The Vatican’s goals were to teach indigenous peoples how to read and write Spanish, to preserve indigenous languages in the Roman alphabet, and to encourage indigenous peoples to write their own histories. These goals were undertaken by the Jesuit priests of New Spain; their efforts are generally credited with the creation of Latin American humanities. It should be noted that the influence went both ways – crimson-dyed clothing and featherwork became very popular across Europe.

Play Ulama!

Mesoamerican ball is still played in a number of Latin American countries, both at home and against each other. An exhibition game was played at the 1968 Olympics in Mexico City (see article elsewhere in this issue).

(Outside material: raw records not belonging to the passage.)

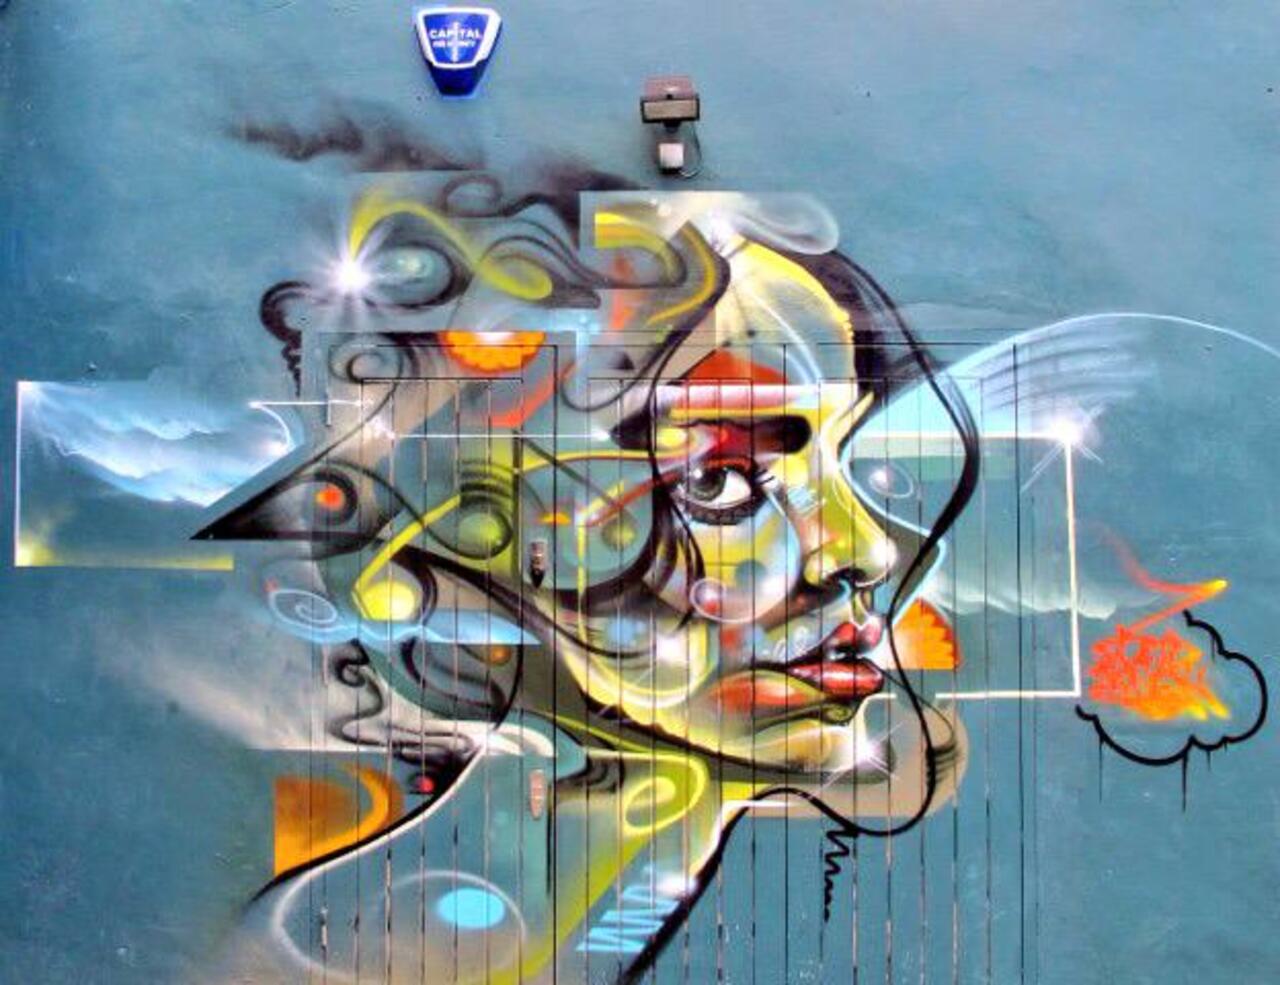 Mr Cenz
London
#streetart #art #mural #graffiti http://t.co/qybCZMsEus
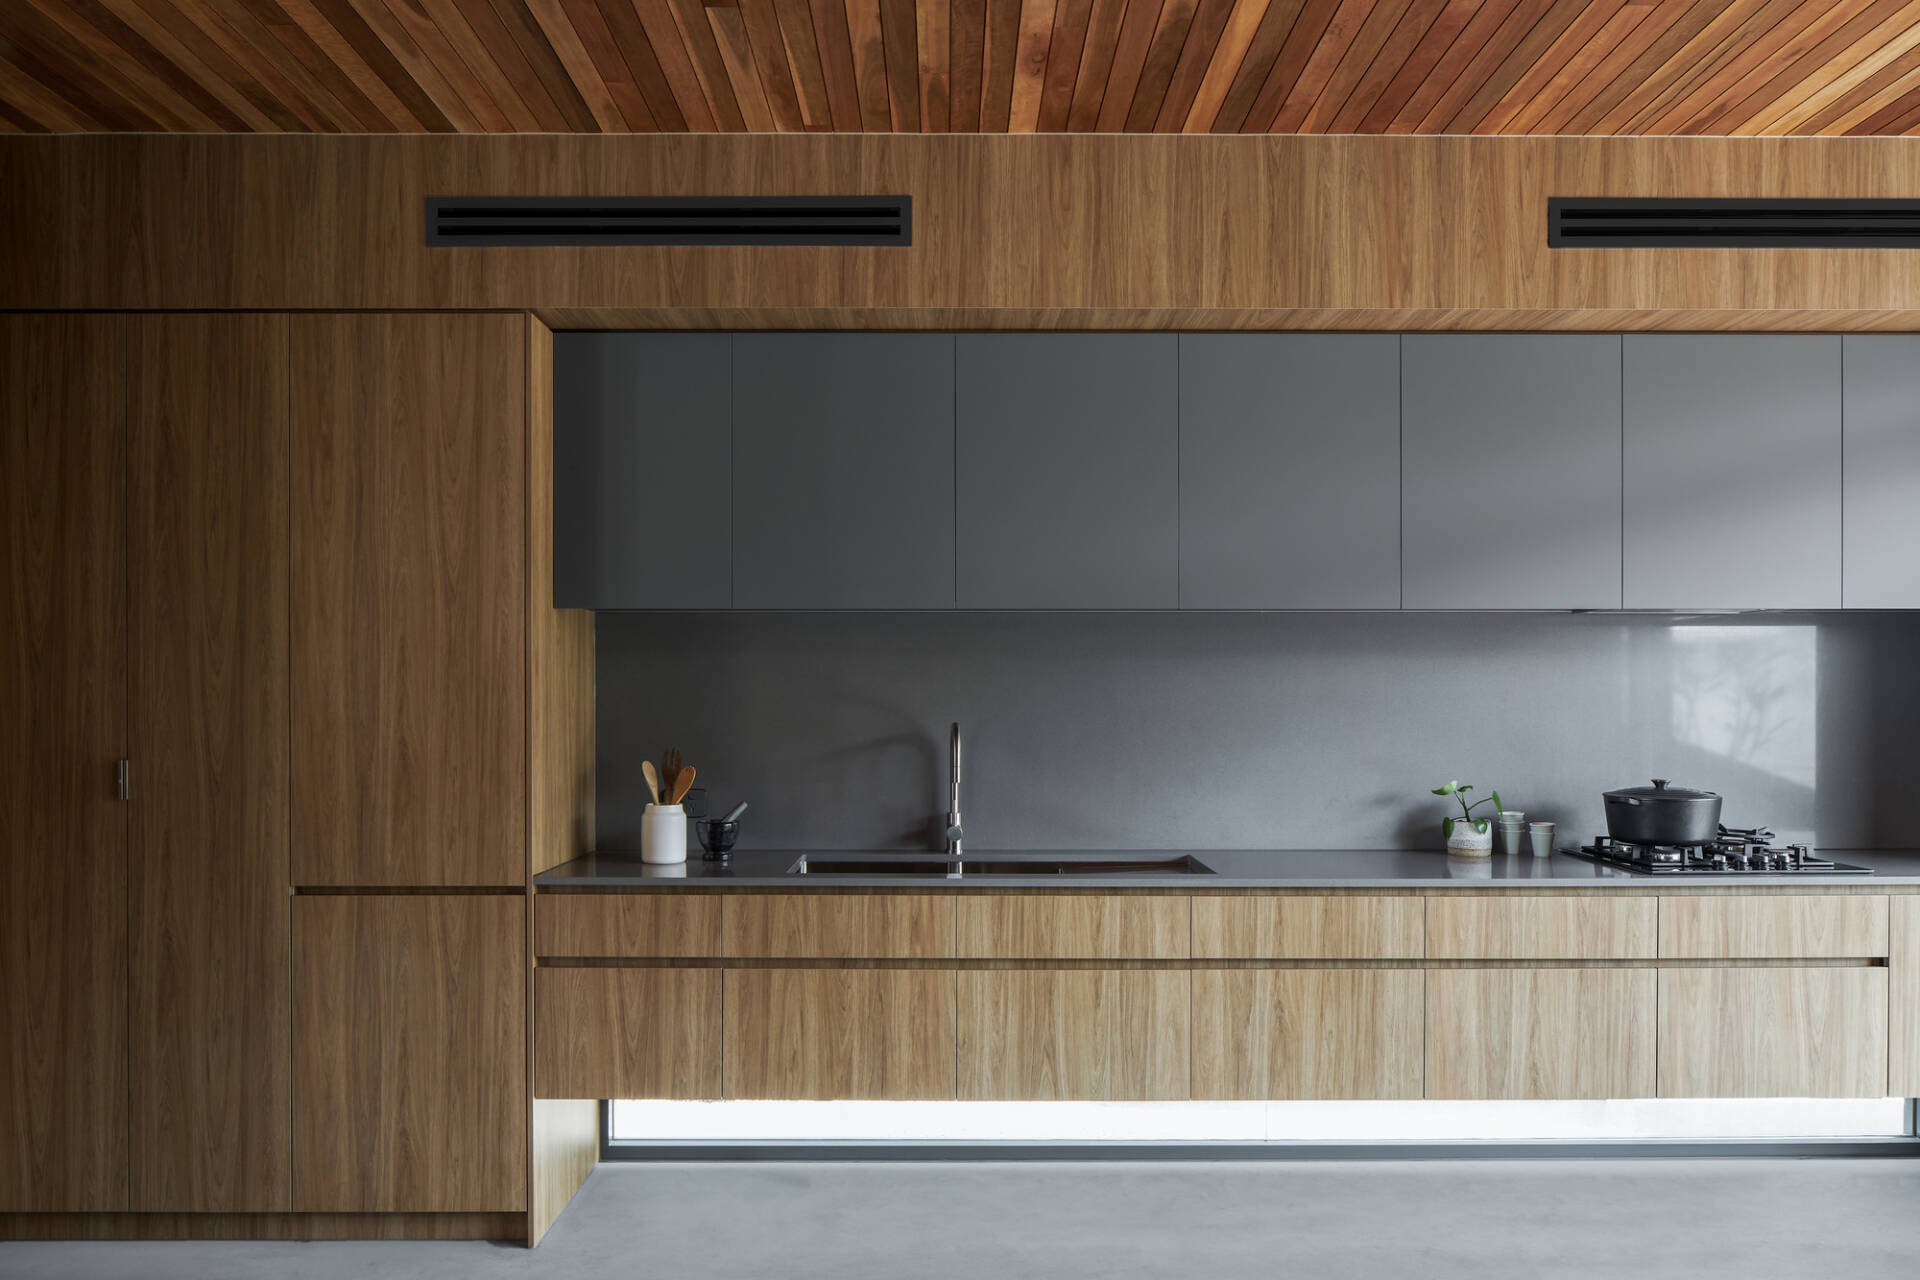 
Khu vực nhà bếp có nội thất được làm từ chất liệu gỗ mộc mạc kết hợp cùng với hợp kim tráng men màu xám trung tính, giúp cho không gian thêm sang trọng
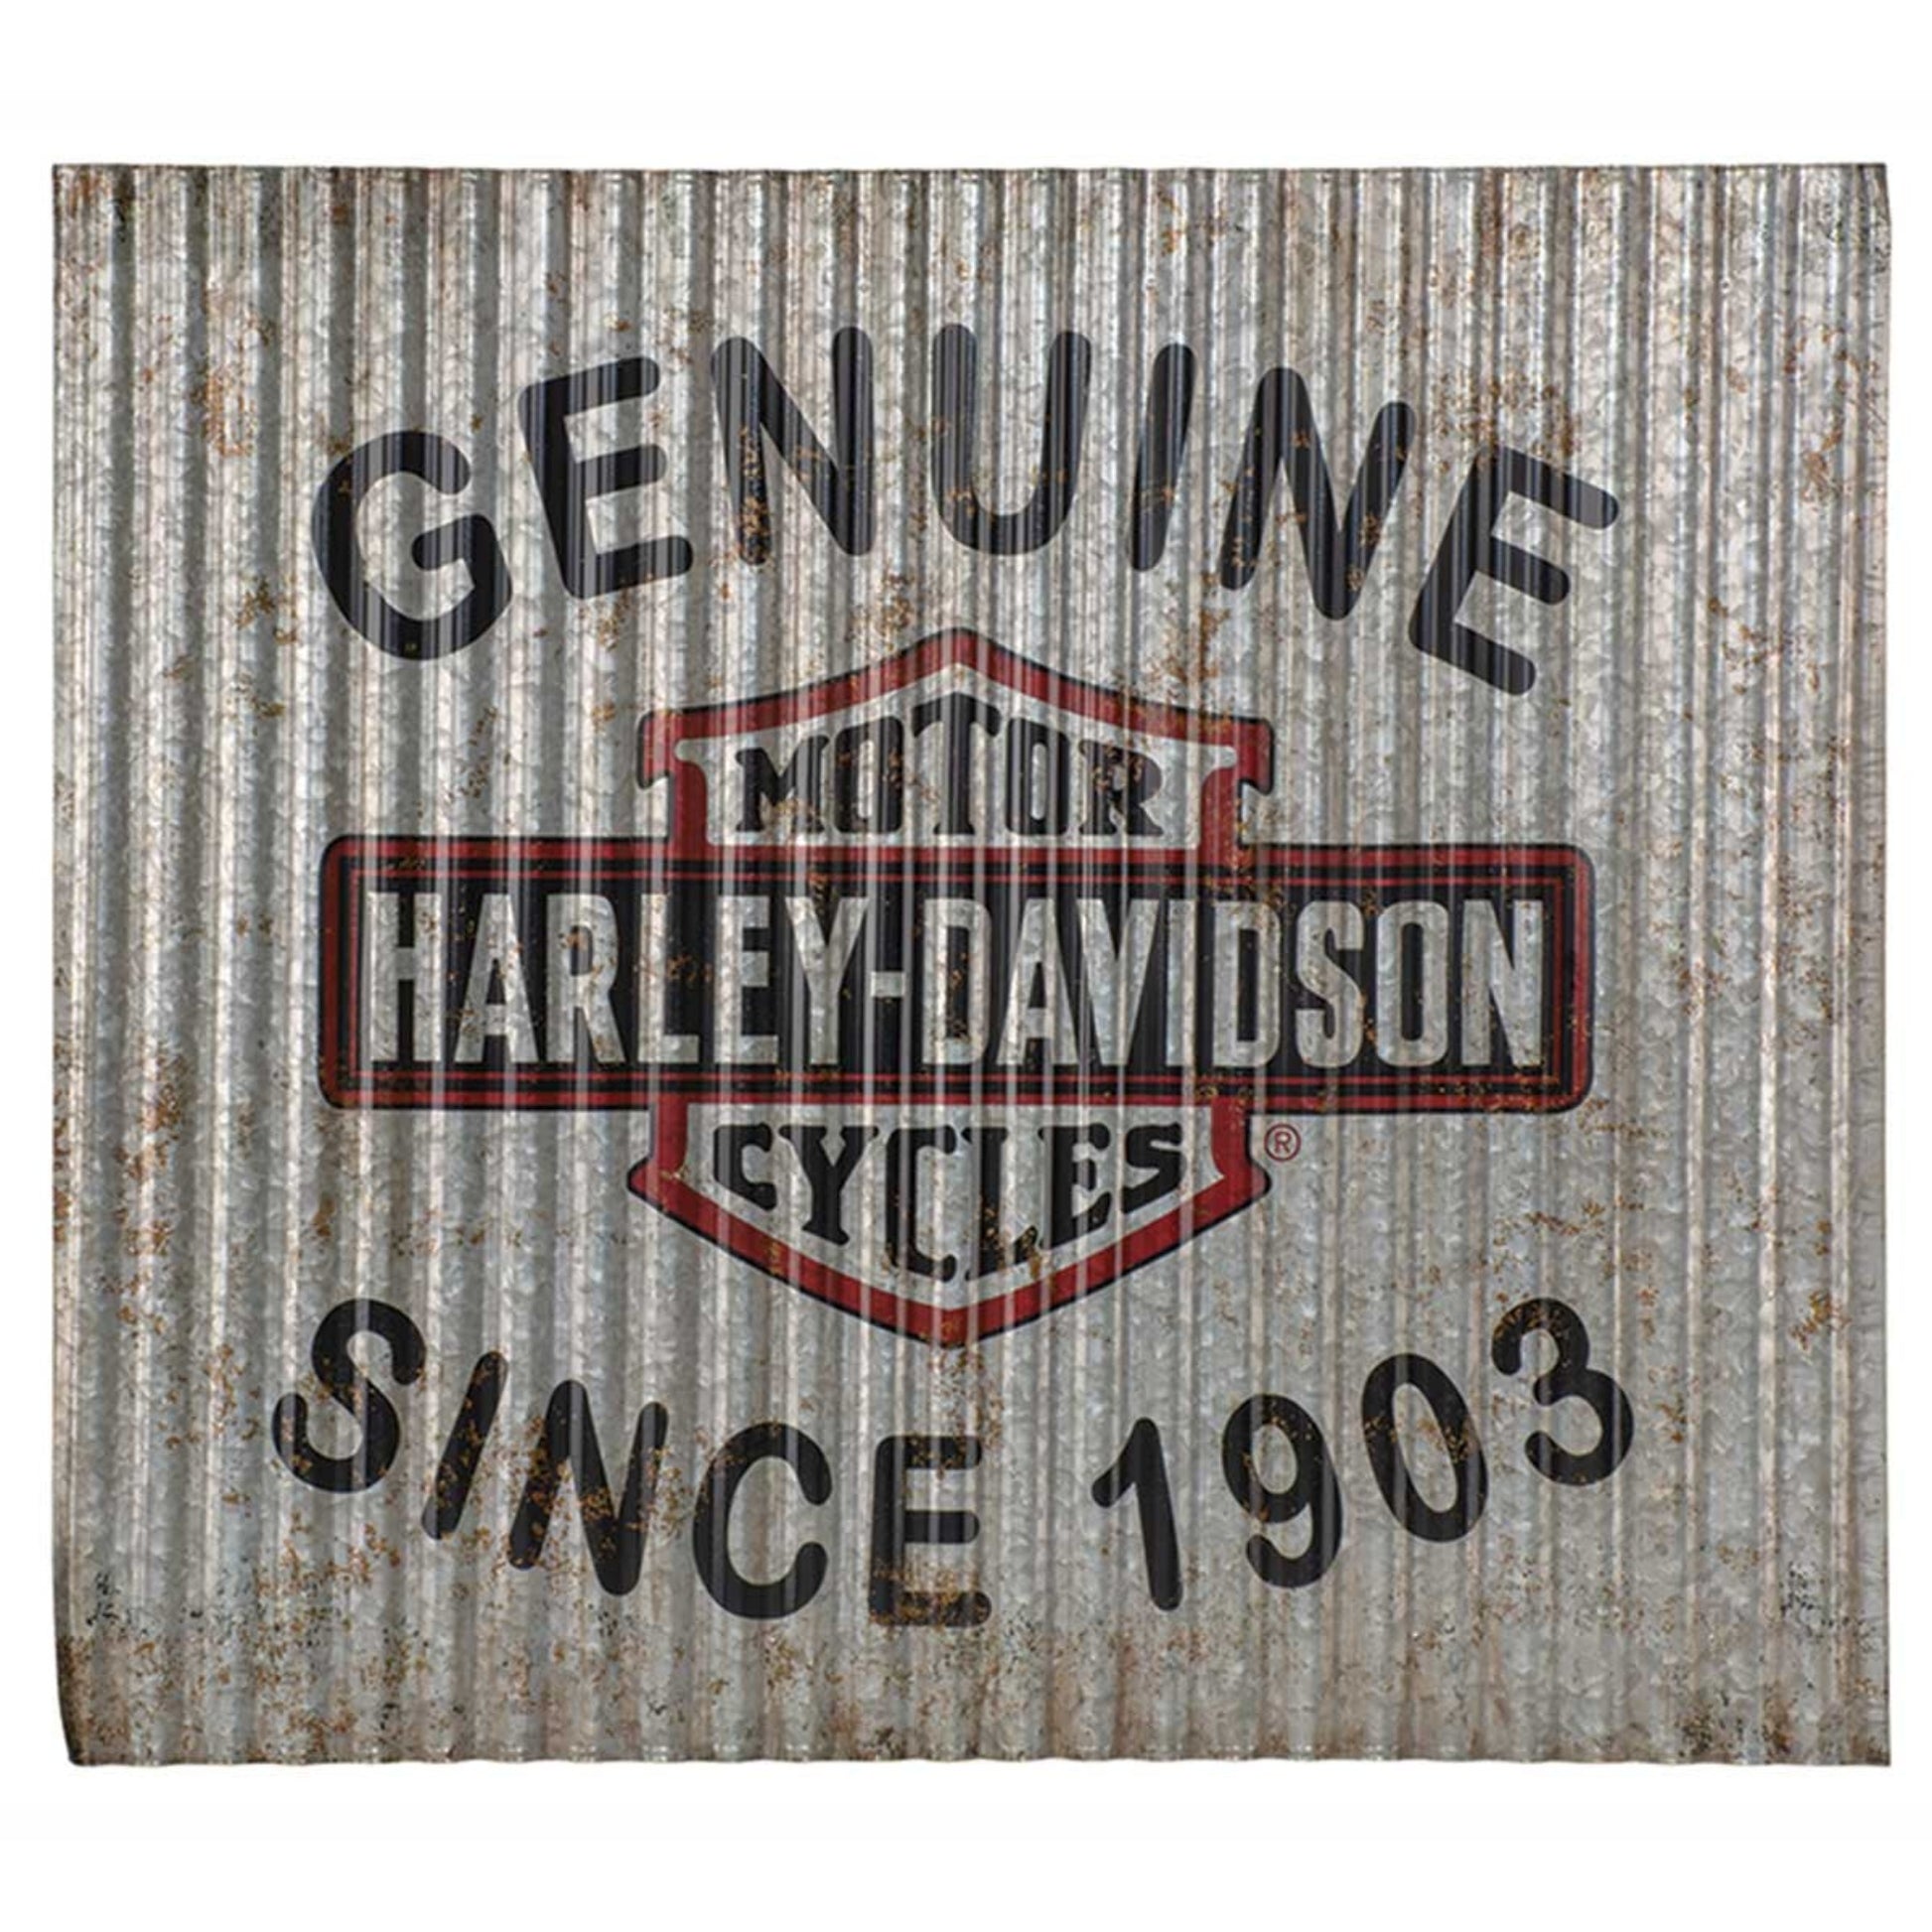 Genuine Harley Davidson antiqued Corrugated Metal Sign celebrating its legacy since 1903.
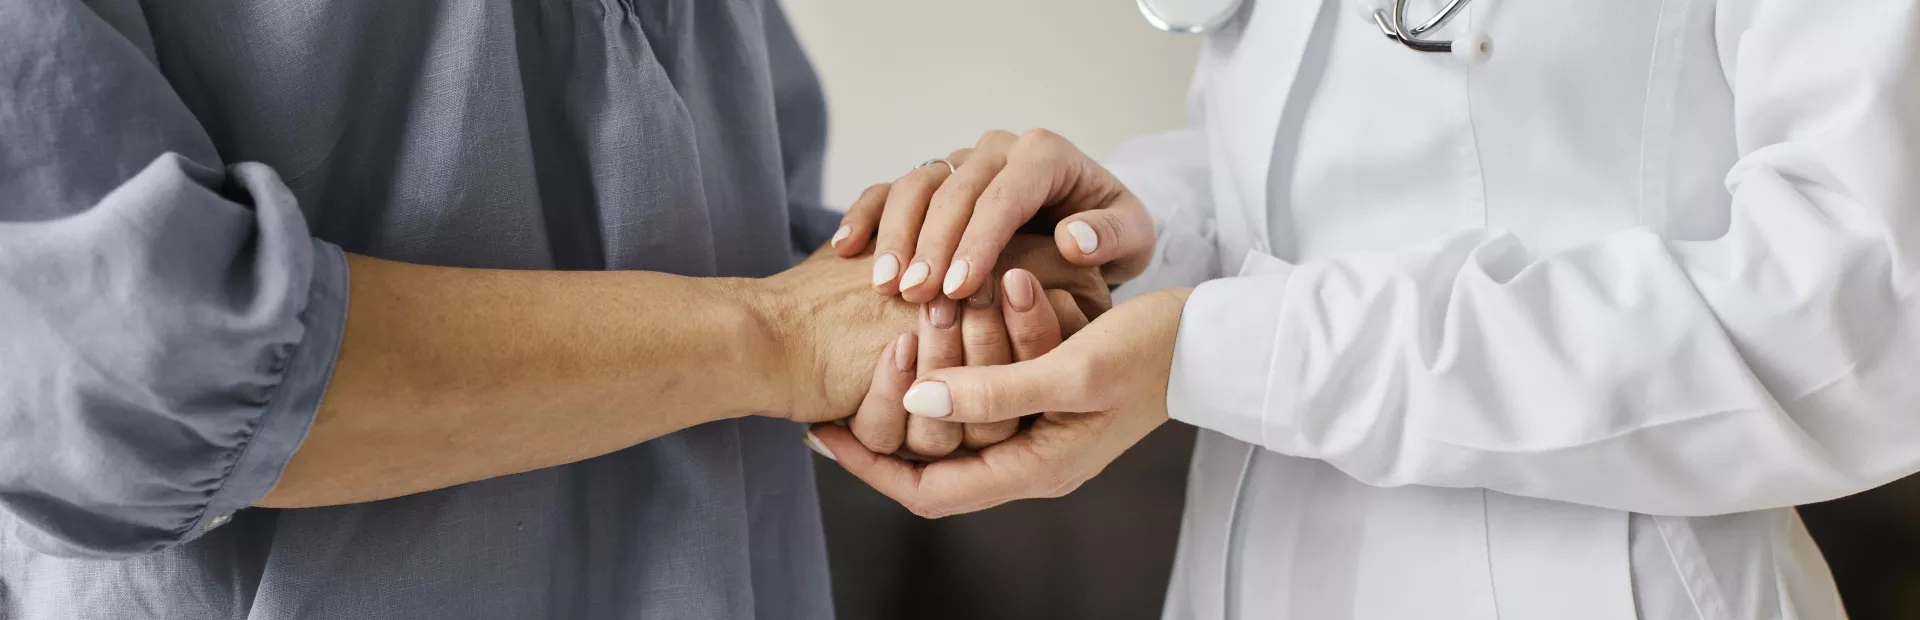 doctora sujetando las manos a su paciente

Now called “pok ta pok,” after a 1932 adaptation by a Danish archaeologist from a Yucatecan word, as often as “ulama,” the sport’s last World Cup (the third) was won by the Black Jaguars of Belize, beating out El Salvador, Mexico, Panama, Guatemala, and Honduras. The Mayan Ball Game World Cup is held every two years – if COVID allows, the fourth World Cup is coming right up in Mérida, in the Yucatán, December 2-6, 2021.

At the Xcaret eco-archaeological park, there’s an ulama court where exhibition games are played. Mexico City has an ulama court where amateurs form up teams to play matches. And Mexico’s Secretariat of Culture has been urged by other government agencies to “formulate, establish, or evaluate the candidacy of the ulama tradition that comes down from the pre-Hispanic Mesoamerican ball game, practiced in some Sinaloa communities,” to be considered for UNESCO’s designation as an intangible cultural heritage.